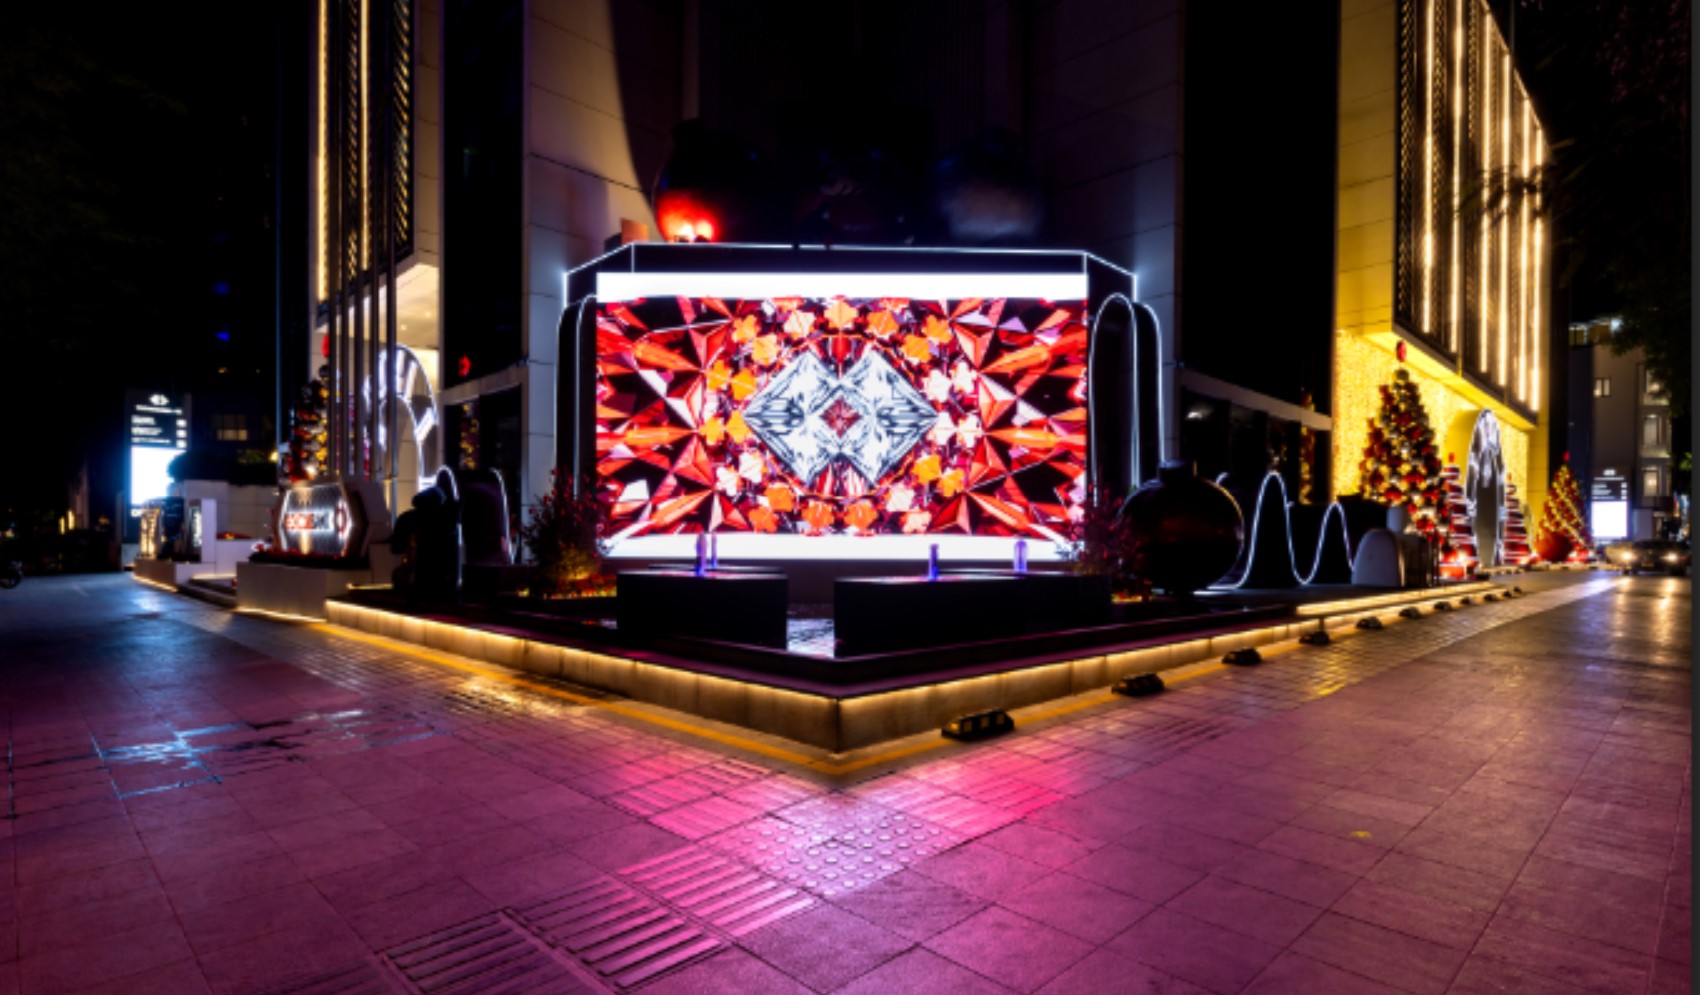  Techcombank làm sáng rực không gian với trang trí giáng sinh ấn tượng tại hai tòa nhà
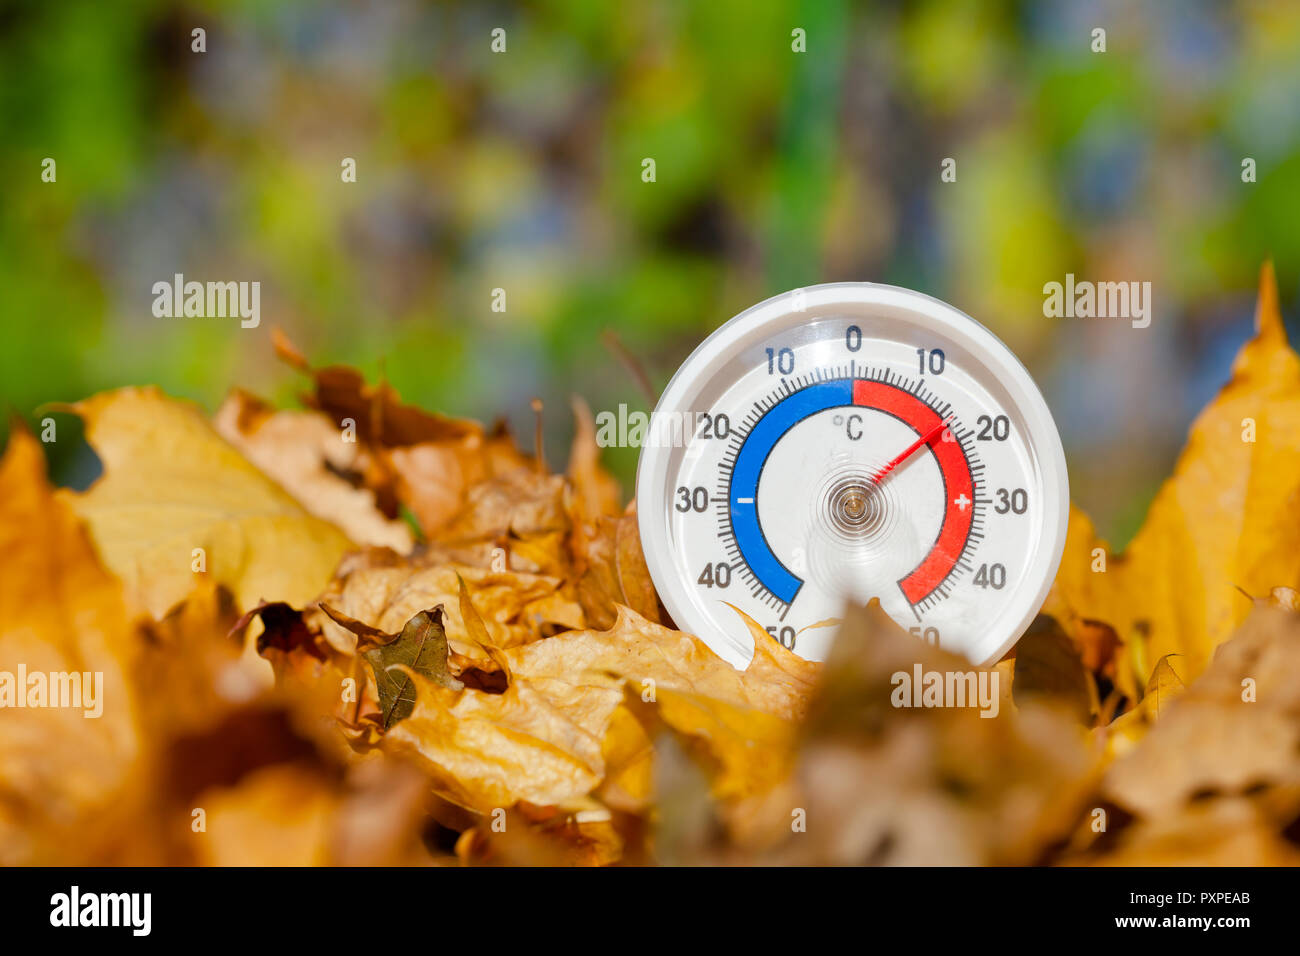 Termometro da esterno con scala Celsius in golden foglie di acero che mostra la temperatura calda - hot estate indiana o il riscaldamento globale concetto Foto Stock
---
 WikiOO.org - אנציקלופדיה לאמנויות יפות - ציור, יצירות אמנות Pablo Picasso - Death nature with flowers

About this exercise — Everything above from the line that has "Techcombank làm sáng" down to the line that has "Termometro da esterno" should be output exactly, with both of those lines included. Leave the pictures behind.

Output for this exercise —
  Techcombank làm sáng rực không gian với trang trí giáng sinh ấn tượng tại hai tòa nhà
 Termometro da esterno con scala Celsius in golden foglie di acero che mostra la temperatura calda - hot estate indiana o il riscaldamento globale concetto Foto Stock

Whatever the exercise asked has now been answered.